The chapter Overcoming Obstacles starts on a somber note, where health problems impinge upon our fate. Greg talks about friends gone by and finally about himself and his wife Abby getting entrapped with medical maladies. Bear and grin it, taking it with stride. And then Greg reveals some sordid heists, ‘US businesses will lose an average of 5 percent of their top-line gross revenues to fraud.’

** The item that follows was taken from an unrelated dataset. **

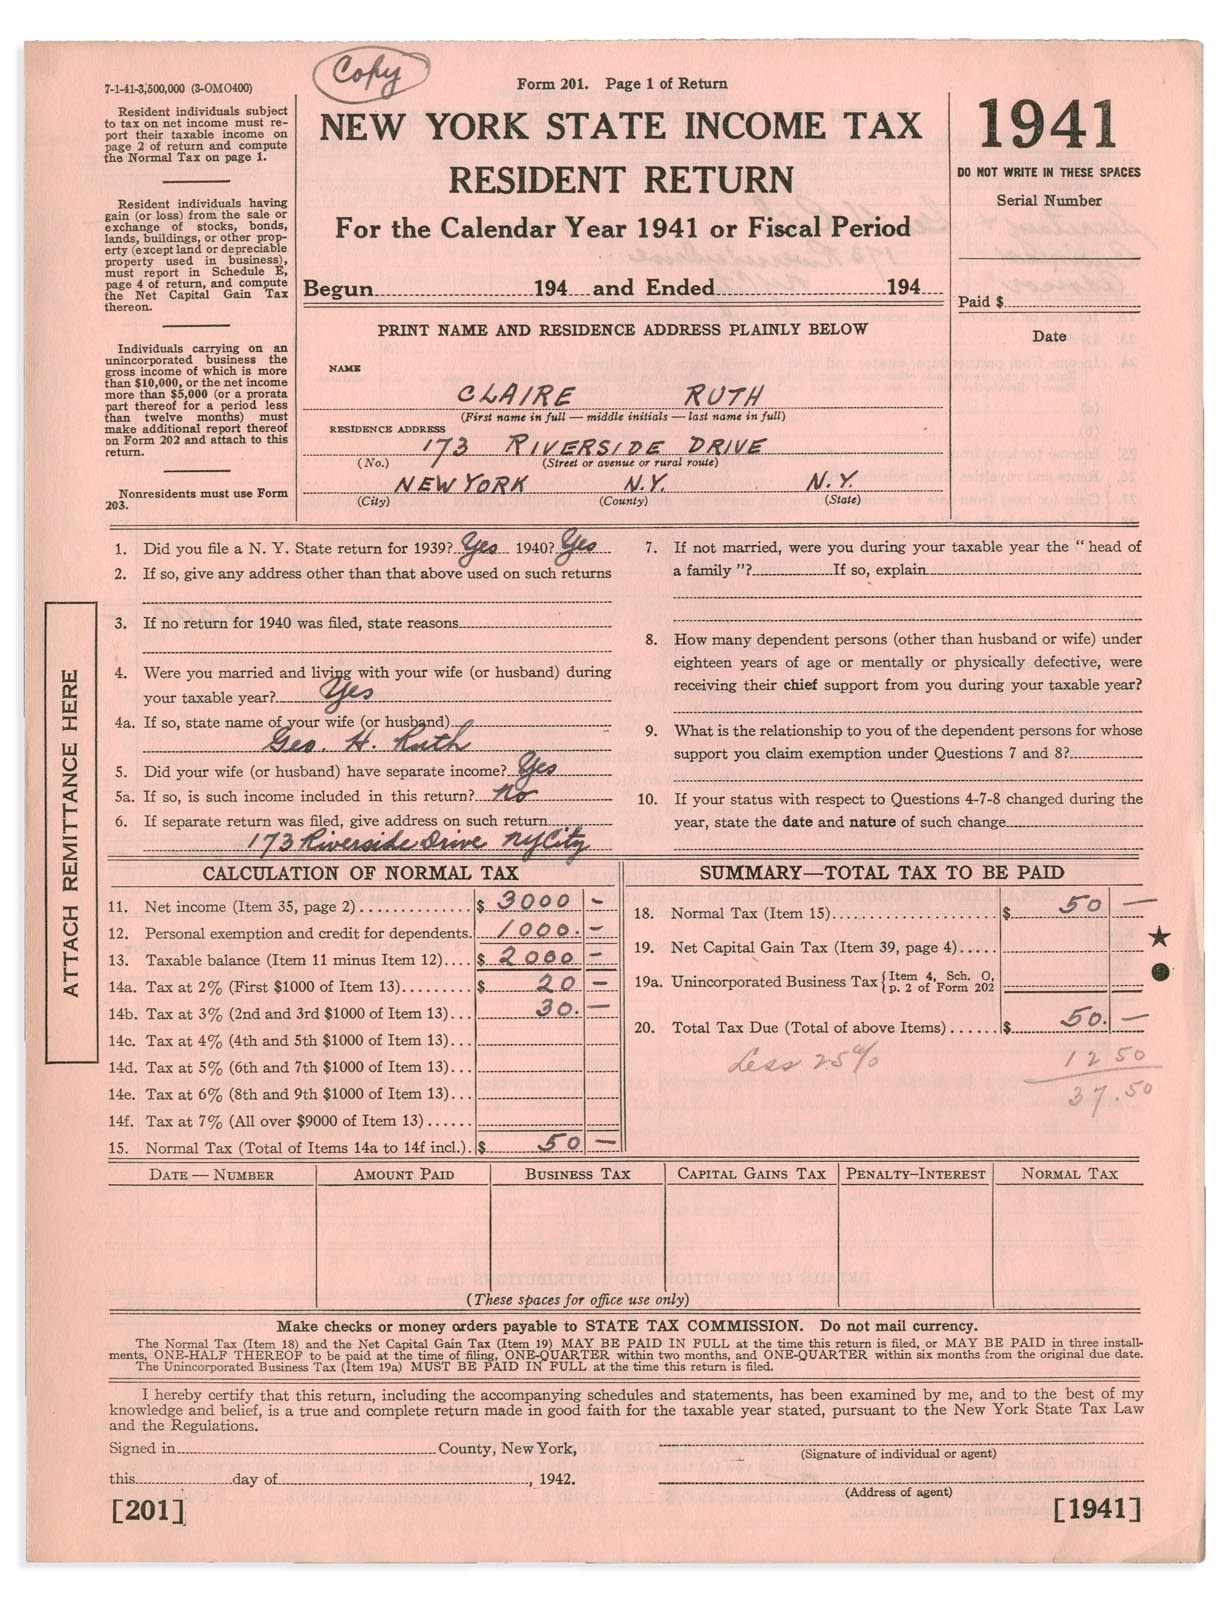 - 1939-41 Claire Ruth N.Y. State Income Tax Returns (3)

If you’re a misery gut floundering for that cure-all, this book is a surefire. The book is laden with parables coupled with lucid and simplistic guidelines that don’t sound like a rulebook. One-dozen chapters to give you esoteric lifetime achievement! Readers find snappy precepts tumbling out of commendable research and the book ends with twelve reflections surmising each chapter.
What should the attributes be for seeking SMART goals? Greg is at his best to smart his readers!